Lavender - History
Lavandula canariensis
Lavender has long been used by humankind. In the middle ages lavenders and other herbs were grown in monastery gardens and were used to flavour foods, especially meats. There is even evidence of powdered lavender being used as a condiment.
The Benedictine Abbess Hildegard of Bingen gives the earliest written mention of lavender in her Physica, in which she wrote about the medicinal properties of herbs. She described lavender as having a strong odour and many virtues including being useful as a liver remedy. It is also believed that lavender was commonly used as a medicinal herb in Wales from the 13th century.
Lavender was planted in French pleasure gardens and medicinal gardens from the 1300s, while it was also commonly gathered from the wild for its healing properties.

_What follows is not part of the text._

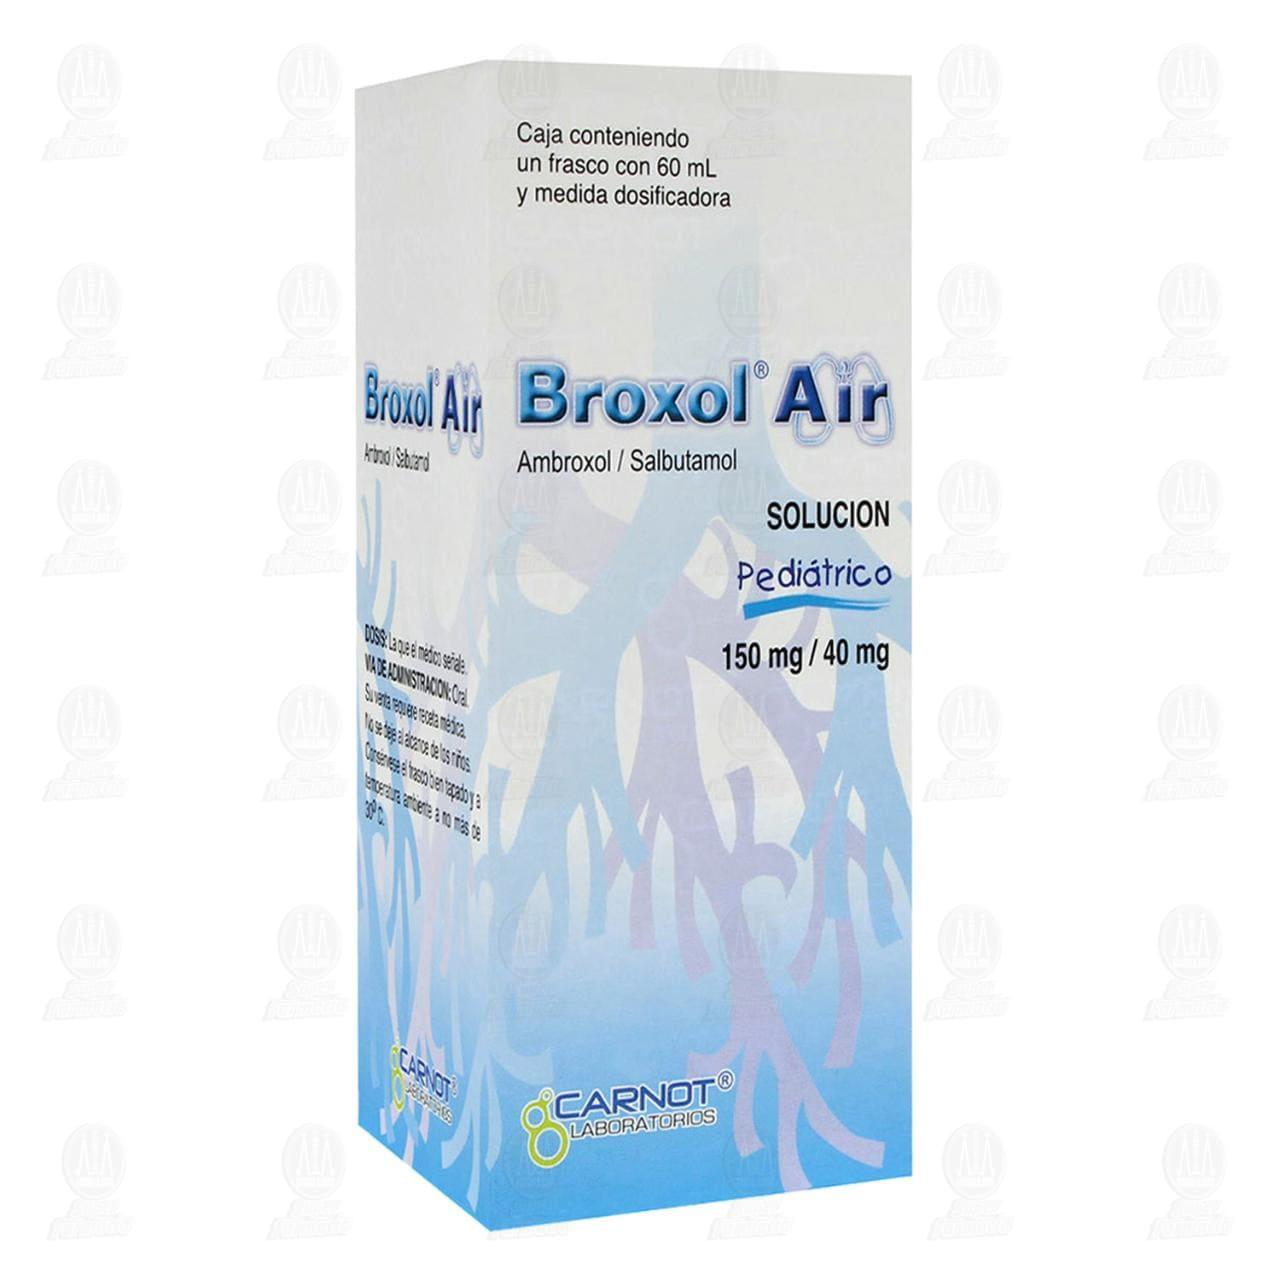 Comprar Broxol Air Solución Pediátrico150mg/40mg 60ml en Farmacias Guadalajara

Although it is widely believed that the Romans may have brought lavender to Britain, it did not continue to be cultivated after they left. It could have been reintroduced around 1265 when Eleanor of Provence was Queen of England. At this time it was nearly always grown for its uses as a strewing herb, an antiseptic and insect repellent rather than as an ornamental plant.

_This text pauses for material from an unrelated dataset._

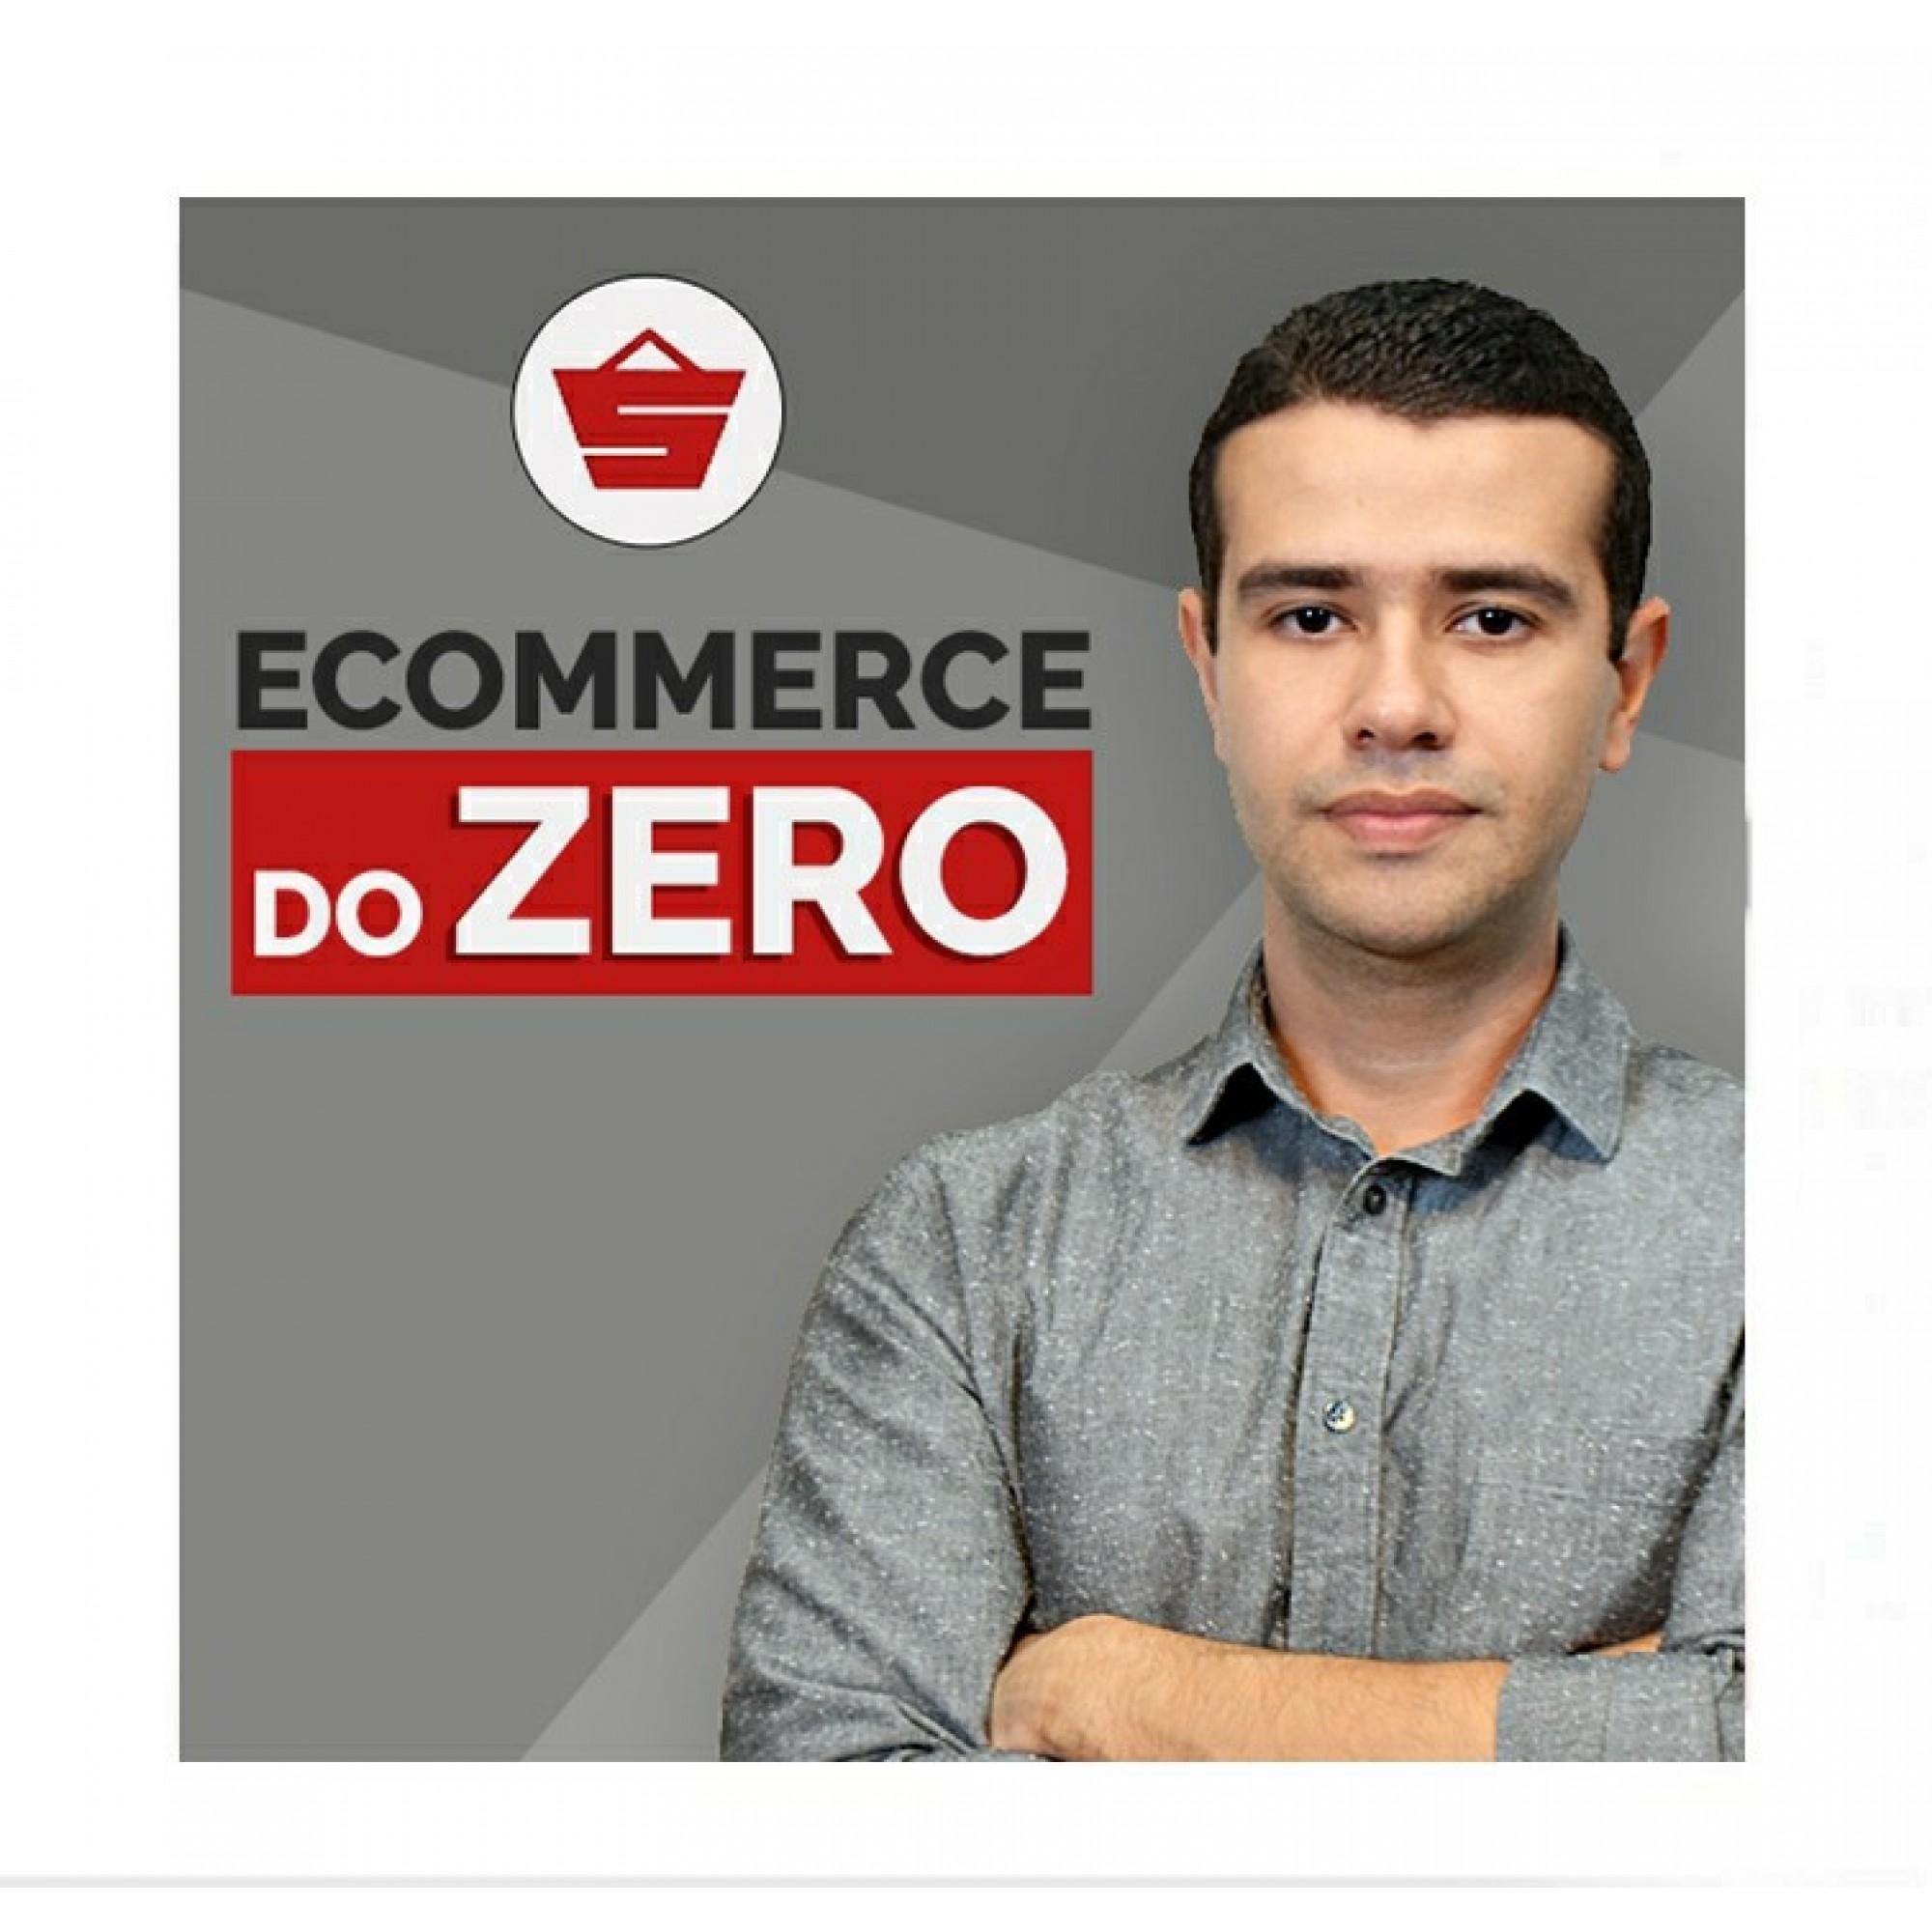 da289ba673a Curso de Ecommerce Começando do Zero

The Huguenots renewed the popularity of growing lavender in the 1500s. By 1568 it was noted that Lavender stoechas was being cultivated on a large scale in the west country. Herb gardens were very popular between the late 1400s to the mid 1600s and reached their peak during the Elizabethan reign (1553-1603). By the late 1700s lavender was commonly being grown as a commercial crop and used as an ornamental plant.

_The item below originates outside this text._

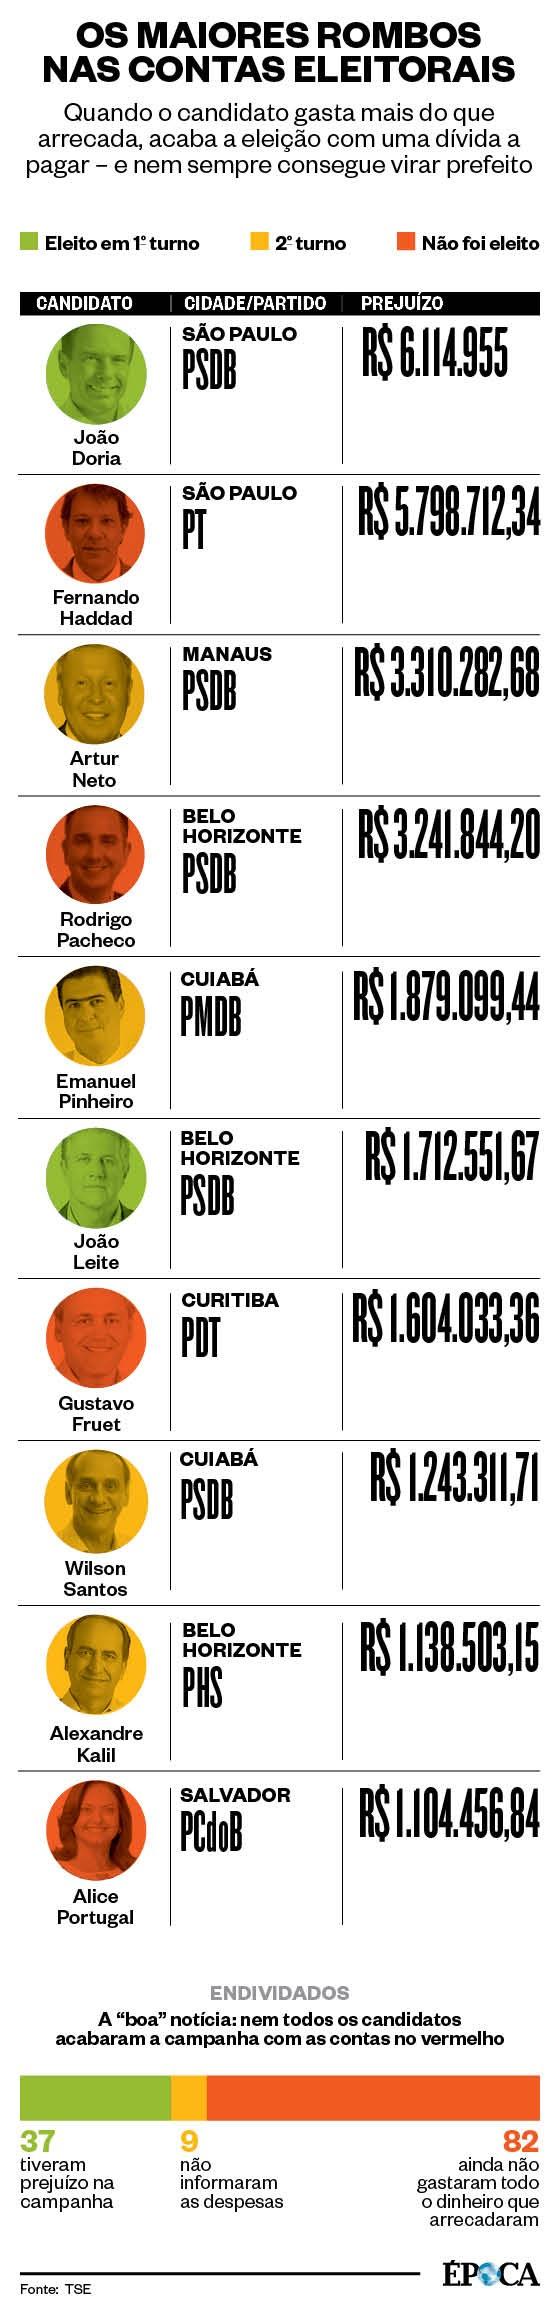 Os rombos nas contas eleitorais (Foto: Arte ÉPOCA)

During the reign of Charles I (1600-49) a young man by the name of Yardley began to manufacture soap using lavender perfume. The House of Yardley was established properly at the end of the 1700s and flourished supplying lavender, soaps and cosmetics. From the early 1900s they began to concentrate on producing perfumes and demand was such that by the 1950s they became the largest manufacturer of lavender products in the world.
Gertrude Jekyll was one of the greatest ambassadors for the use of lavenders in gardens. She planted a lavender hedge which she used for cut flowers, and also planted it in her 'grey garden', and often used it in her commissions. She introduced many new plants including Lavandula angustifolia 'Munstead'.
Lavender is now grown commercially in many countries including North America, Australia, New Zealand, Japan, Africa as well as France and the UK.